[seqfan] Re: A class of partitions.

[William Keith]

On Sun, Apr 28, 2013 at 5:08 PM, L. Edson Jeffery <lejeffery2 at gmail.com>wrote:

>
> But the number of
> partitions of N for which no part is greater than k is equal to the number
> of partitions of N with precisely k parts, N = 1, 2, ..., 1 <= k <= N.

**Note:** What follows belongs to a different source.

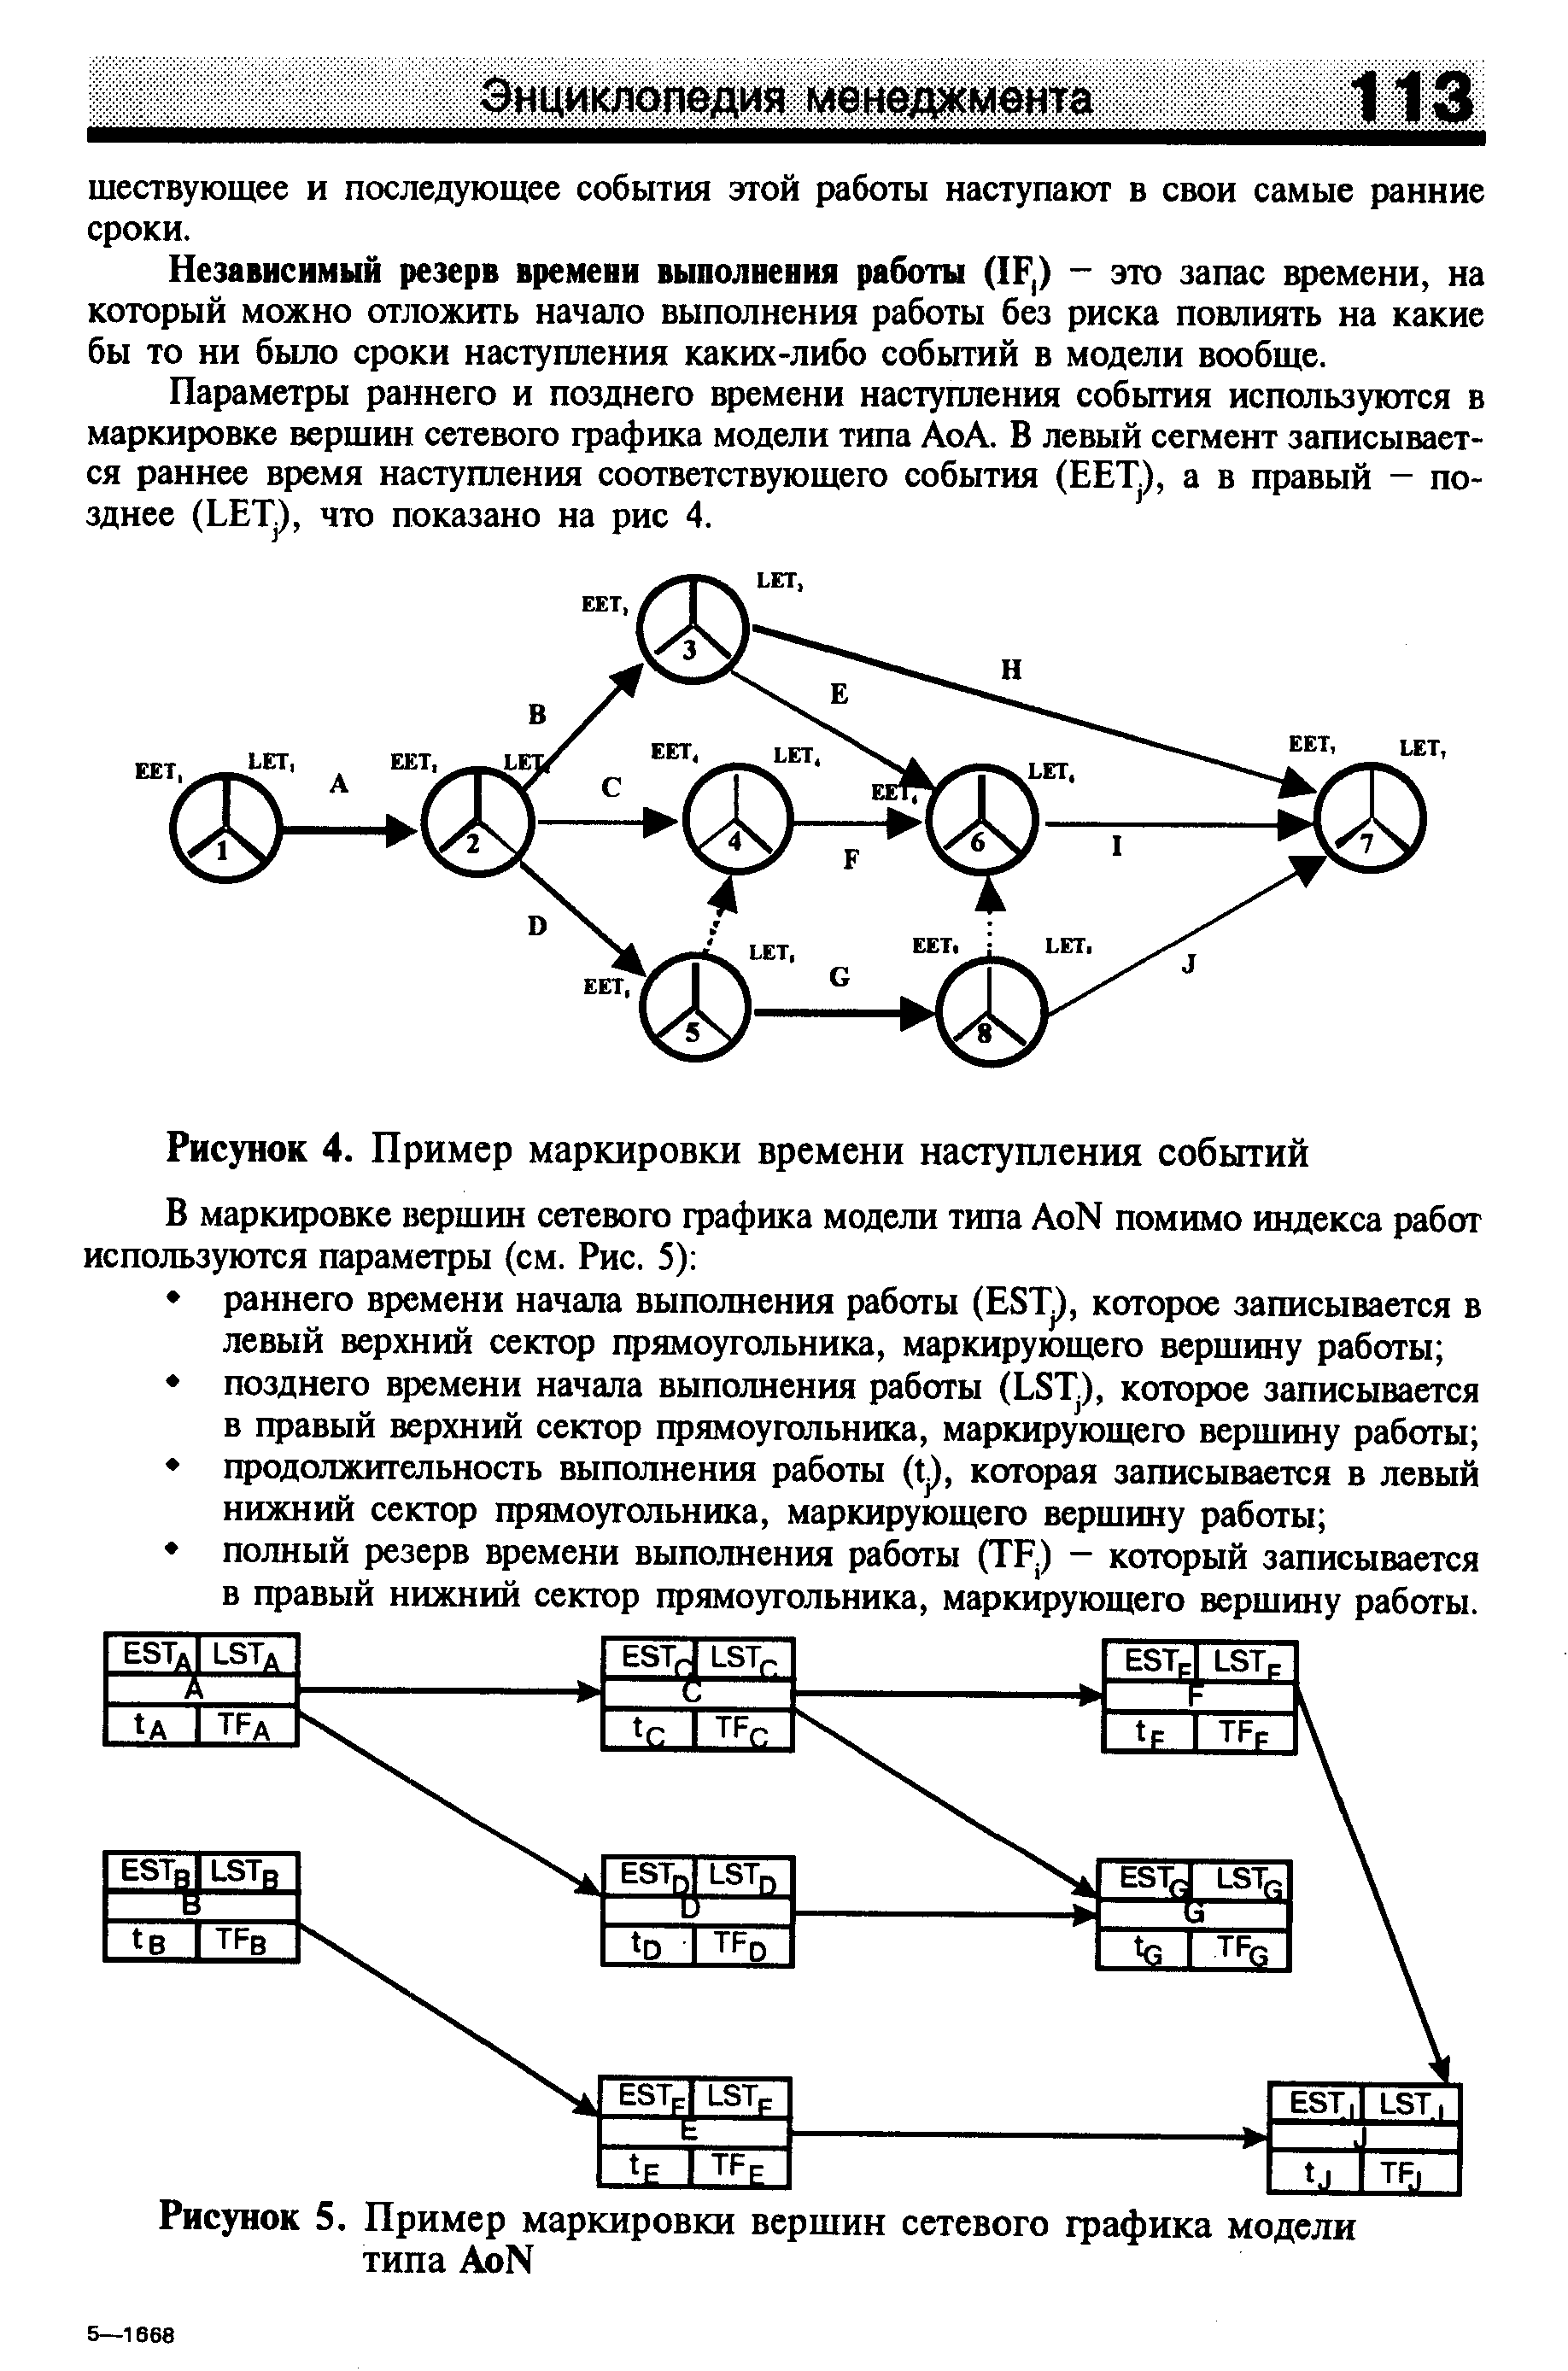 Рисунок 5. Пример маркировки вершин сетевого графика модели типа AoN
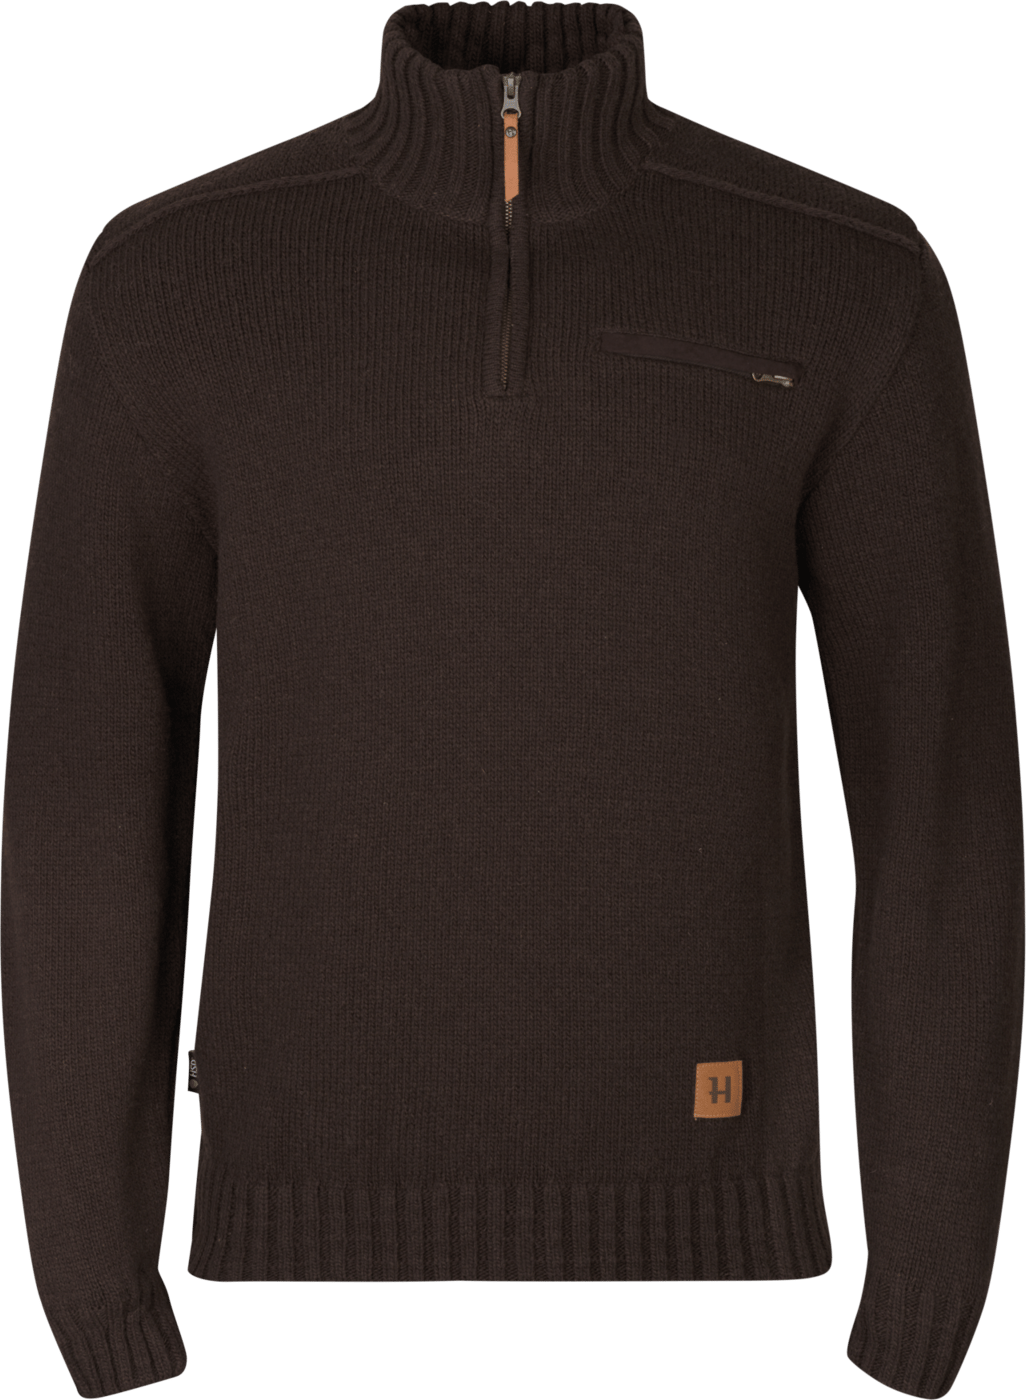 Men's Annaboda 2.0 HSP Knitted Shirt Demitasse brown

The sum over these k gives partitions of N with no part greater than N, yes.


> Then
> apparently the number of partitions of 2*n+1 for which no part is greater
> than n should be given by
>
> a(n) = sum_{k=1,...,n} A008284(2*n+1,k)
>      = coefficient of x^(2*n+1) in series expansion of
> 1/((1-x)*(1-x^2)*...*(1-x^n)),
>
> unless I made a mistake.
>

Both of those expressions are correct.

>
> It appears further that the series expansion of
> x^(N-1)/((1-x)*(1-x^2)*...*(1-x^k))
> generates column k of A008284.
>


> If true, then that generating function is
> not included in the formula section of A008284.
>

This is essentially Wolfdieter Lang's comment from 2000.  The power of x in
the numerator only changes the offset slightly.

Cordially,
William Keith